The government’s 2026 goal of bolstering and re-equipping the Taiwanese military fits perfectly with an assessment made in March by U.S. Navy Admiral Philip Davidson, who commanded the U.S. Indo-Pacific Command from May 2018 to April, that Taiwan could face an attack from the Chinese People’s Liberation Army (PLA) within the next six years, or before 2027.

This year – 2027 – marks the 100th anniversary of the founding of the PLA. There are two other important anniversaries for the Chinese Communist Party (CCP): This year, which marks the 100th anniversary of the founding of the CCP, is when Chinese officials have consistently declared that they will achieve a “moderately prosperous” society. , and 2049, which marks the 100th anniversary of the founding of the People’s Republic of China, when the party plans to make China a “powerful modern socialist country.”

These two milestones are abbreviated as “two hundred” by the party, but there is now one more.

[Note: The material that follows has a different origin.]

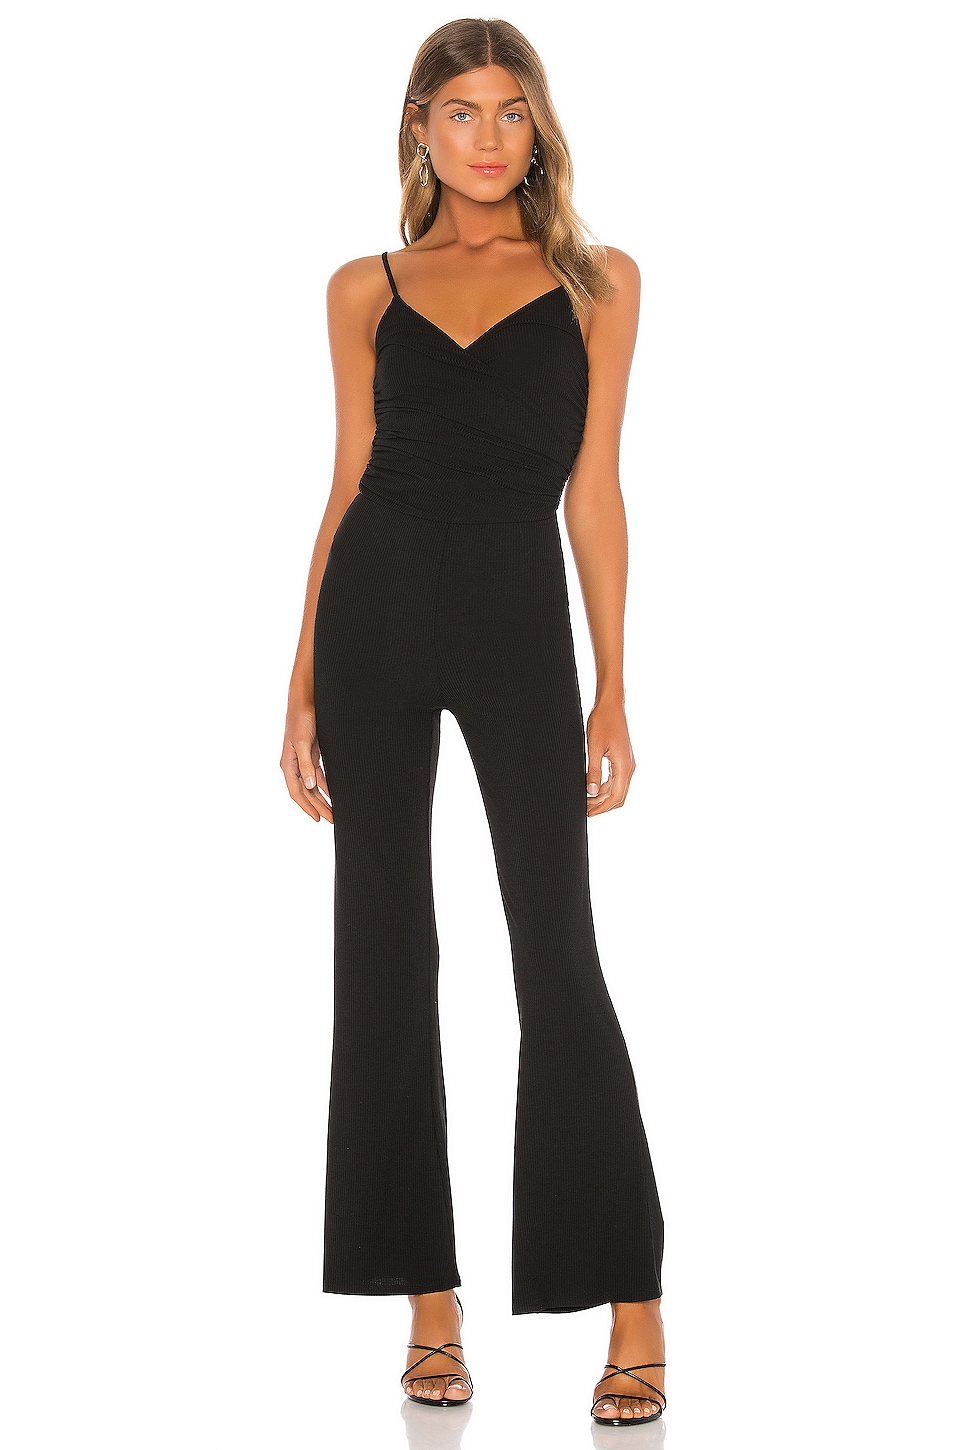 Lovers and Friends Morningside Jumpsuit in Black | REVOLVE
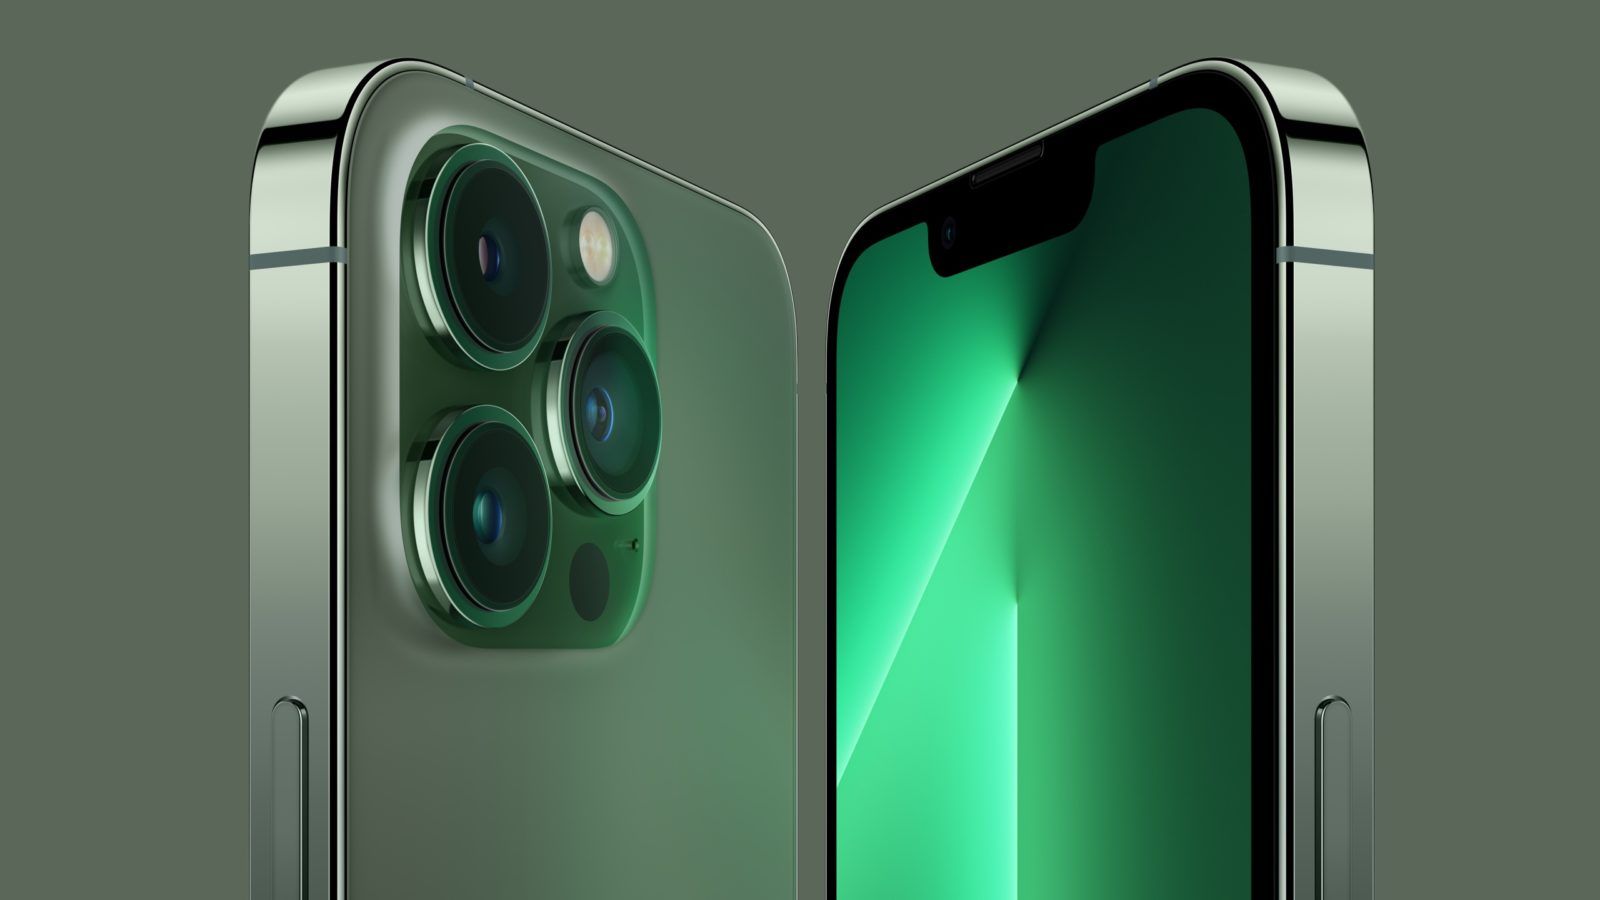 What’s new at Apple? iPhone 13 in Alpine Green, iPad Air, Mac Studio and more

To realize the “dream of strong armed forces” of Chinese President Xi Jinping (習近平), the party announced late last year the goal of achieving “an overall improvement in training and war preparations, and improve the military’s strategic ability to safeguard China’s sovereignty. , security and development interests.

The year set for reaching the goal is the 100th anniversary of the founding of the PLA, or 2027. In other words, the “two 100” has been extended to the “three 100”.

The policy of former Chinese leader Deng Xiaoping (鄧小平) of secretly boosting China’s strength – tao guang yang hui (韜光養晦, “to keep your sword in the scabbard during the day and hone your skills after dark” ) – has been supplanted by Xi’s open approach: ostentatious displays of military might and “wolf warrior” diplomacy.

The government’s decision to set aside a special defense budget at this time is clearly a response not only to Beijing’s cries but also to Washington’s stern warnings. Increased defense spending and modernization of military materiel demonstrates to regional allies Taiwan’s determination to defend itself and increases Beijing’s costing of an attack on Taiwan. The budget increases vigilance and acts as a deterrent.

Huang Wei-ping is a former think tank researcher.